# Bench Testing



## applelisa (Sep 23, 2013)

Hi: New to the group - I just got a very nice LGB 2085 D engine - it is my first. I do not have any track yet, but do have a transformer. How can I bench test the engine? It is not like my old Lionel. Any help would be greatly appreciated. Thanks, Bill


----------



## Totalwrecker (Feb 26, 2009)

There are rollers designed to sit on a section of track and the loco's wheels are on the rollers. 
Power is applied to the track then thru rollers, wheels to motor. 
Get the track and rollers from the same source. 
I use RLD Hobbies, an advertiser here for my mail orders. Good prices and great service. Others will chime in with their likes too. 

Welcome to the forum 

John


----------



## JPCaputo (Jul 26, 2009)

One way I've bench tested for function only, no smoke is by placing the engine upside down, and having a zip cord or speaker cable connected to a power supply and touch the wheels that have pickups or on the shoes ( pressing down a bit on them). It is similar to using chopsticks.. But the wheels will spin, and it will verify function and lights. Expect a little bit of kick from a cheap bachmann power supply if you touch both leads while running the engine, sweaty hands increases it. it's something to expect to not jump from it. Work your way up, with no smoke 1/2 way is more than enough to go with little noticible kick.. All the way up kicks more, because of the ripple and motor noise.


----------



## Dan Pierce (Jan 2, 2008)

Use a soft foam pad and flip the engine upside down. 
Look closely at the rear of LGB engines as they have power sockets to supply track power to a car behind the engine. This can be used to bench test the engine, and I have he special male fittings to stay hands free. 
And be sure to have a 1 amp or more DC supply as that engine has 2 motors, smoke and lights. 

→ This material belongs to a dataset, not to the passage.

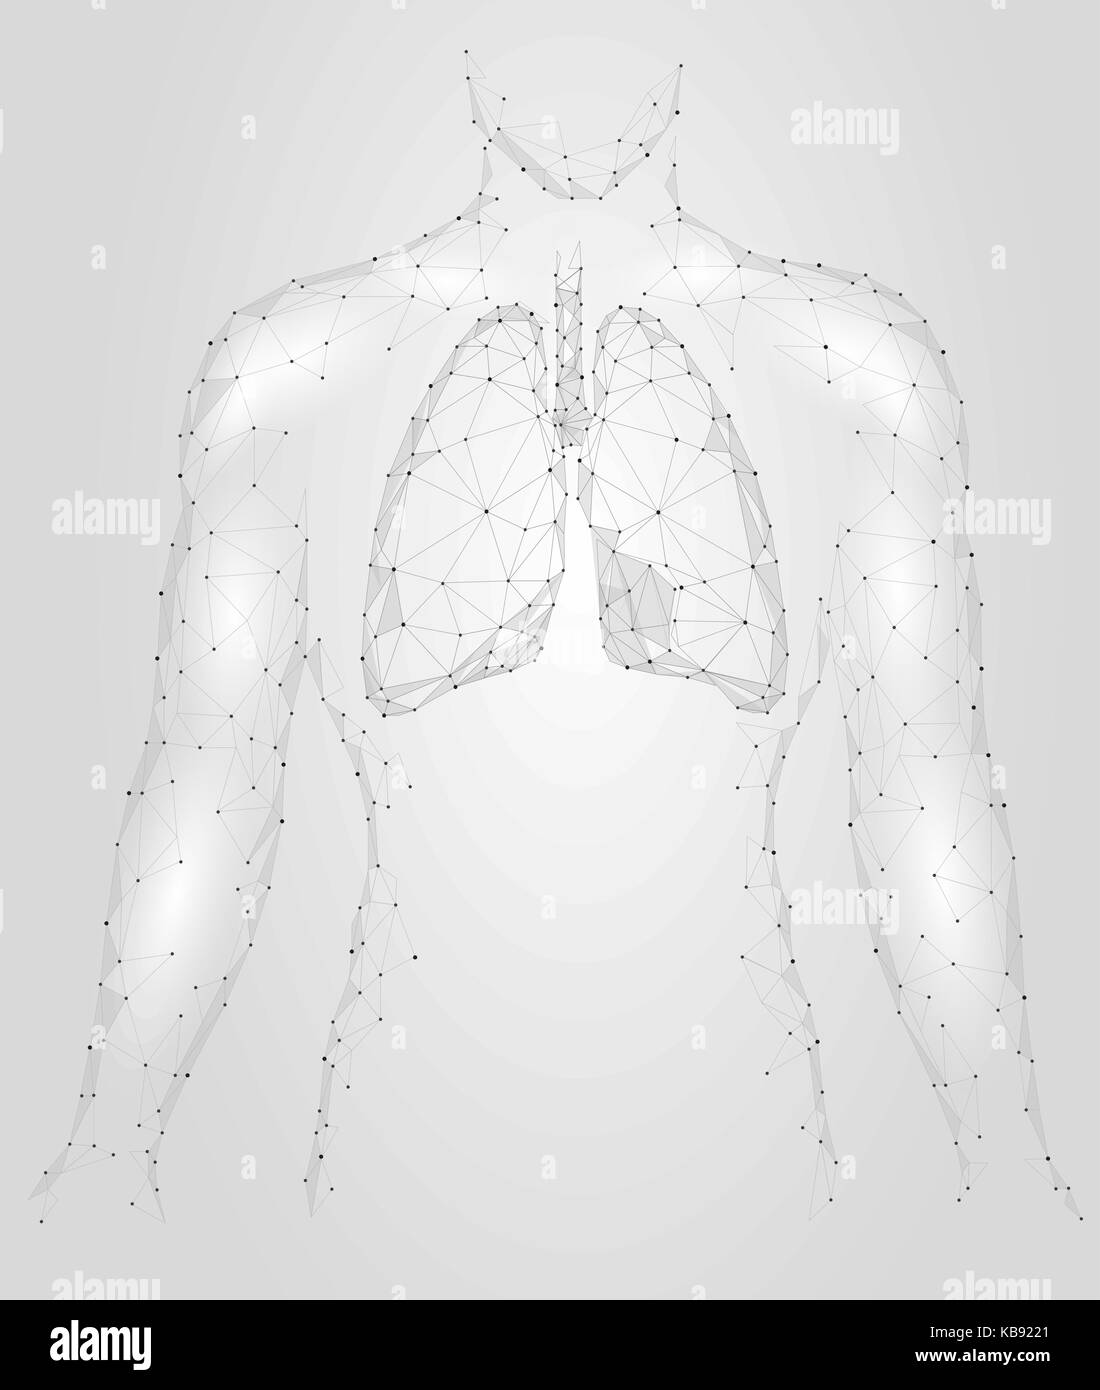 Menschliche Lungen pulmonale Infektion internen Organ. Atemwege im Körper Silhouette. Low Poly 3d angeschlossen Dots Dreieck polygonalen Design. Grau Weiß Farbe Hintergrund Vector Illustration Stock Vektor

Note that most LGB engines have a switch for turning power off and this switch needs to be to the right (highest number, 0 is all off) for all features to work.


----------



## applelisa (Sep 23, 2013)

Hi: Thanks everyone, you have been big help. I'll give it a try!


----------



## Garratt (Sep 15, 2012)

I recently bought an unused one that has sat in a box for 20 years. I just put it on it's side on a towel, ran some stiff wires from my power pack and held them on the wheels. The side tanks keep the motion from touching the table. Only one engine went at first but after persevering the other went slowly and finally they both went the same speed. I figure the commutators had some oxidation from sitting so long but all runs fine now. 
I have a string of Barmer Mountain bogie coaches (also came in DR) that I wish to repaint a plain green which were very close to what the SEG Mallet pulled differing mainly by window spacing and truck design.
There are some original images in the discussion below if you are interested.
Proper cars to pull behind LGB 2085 SEG Mallet 












Andrew


----------



## applelisa (Sep 23, 2013)

Hi: Thanks for all the help. I have another question if you do not mind. Each set of wheels on both sides has a chrome piece that fits into a black box. Should these be loose? The wheels are so heavy and move a lot and I did not know if that should be that way or maybe they came unfastened. I hope you understand the question, I do not know the correct terminology. Thanks, Bill


----------



## Garratt (Sep 15, 2012)

I'm not sure what you mean. Do these chrome things look as if they run along the top of the track? If they are electrical pick-up sliders they should be spring loaded. The LGB 2085D has no sliders as supplied, it has carbon brushes running at the back of the wheels. Perhaps someone has fitted sliders because the carbon brushes leave residue. The wheels should only have a few millimeters side play as they are all flanged so can go around curves.

Perhaps you are referring to the side rods and valve gear into the cylinders? They are typically quite loose on models.


Unmodified LGB 2085D









Andrew


----------



## Dick413 (Jan 7, 2008)

Andrew is he talking about the axel and the black box is the motor block?


----------



## Garratt (Sep 15, 2012)

I'm not sure Dick. I thought if I posted an image Bill will soon explain anything that may be unusual. We shall see... 

Andrew


----------



## applelisa (Sep 23, 2013)

I think it might be the side rods and valve gear into the cylinders. In the picture you posted there is a round circle in on the bottom of the train - probably and inspection sticker. Just to the upper right of that is the chrome part I am talking about. It goes into the big black object. I'm sorry my description is so poor. Can I attach a picture or is that only for members of a certain status? thanks....


----------



## Garratt (Sep 15, 2012)

You had me guessing! OK, the drive rods and valve gear on an electric are only cosmetic so are usually quite loose and free otherwise they could bind up. A little oil on these parts occasionally can help reduce wear. On a live steamer they are the drive mechanism from the steam pressure in the cylinders.

How to post photos (the easy way) - Non 1st Class Members 

Andrew


----------



## applelisa (Sep 23, 2013)

Thanks for the explanation, now I understand. This is really a nice site for the large scale, you guys do a great job. Thanks, Bill


----------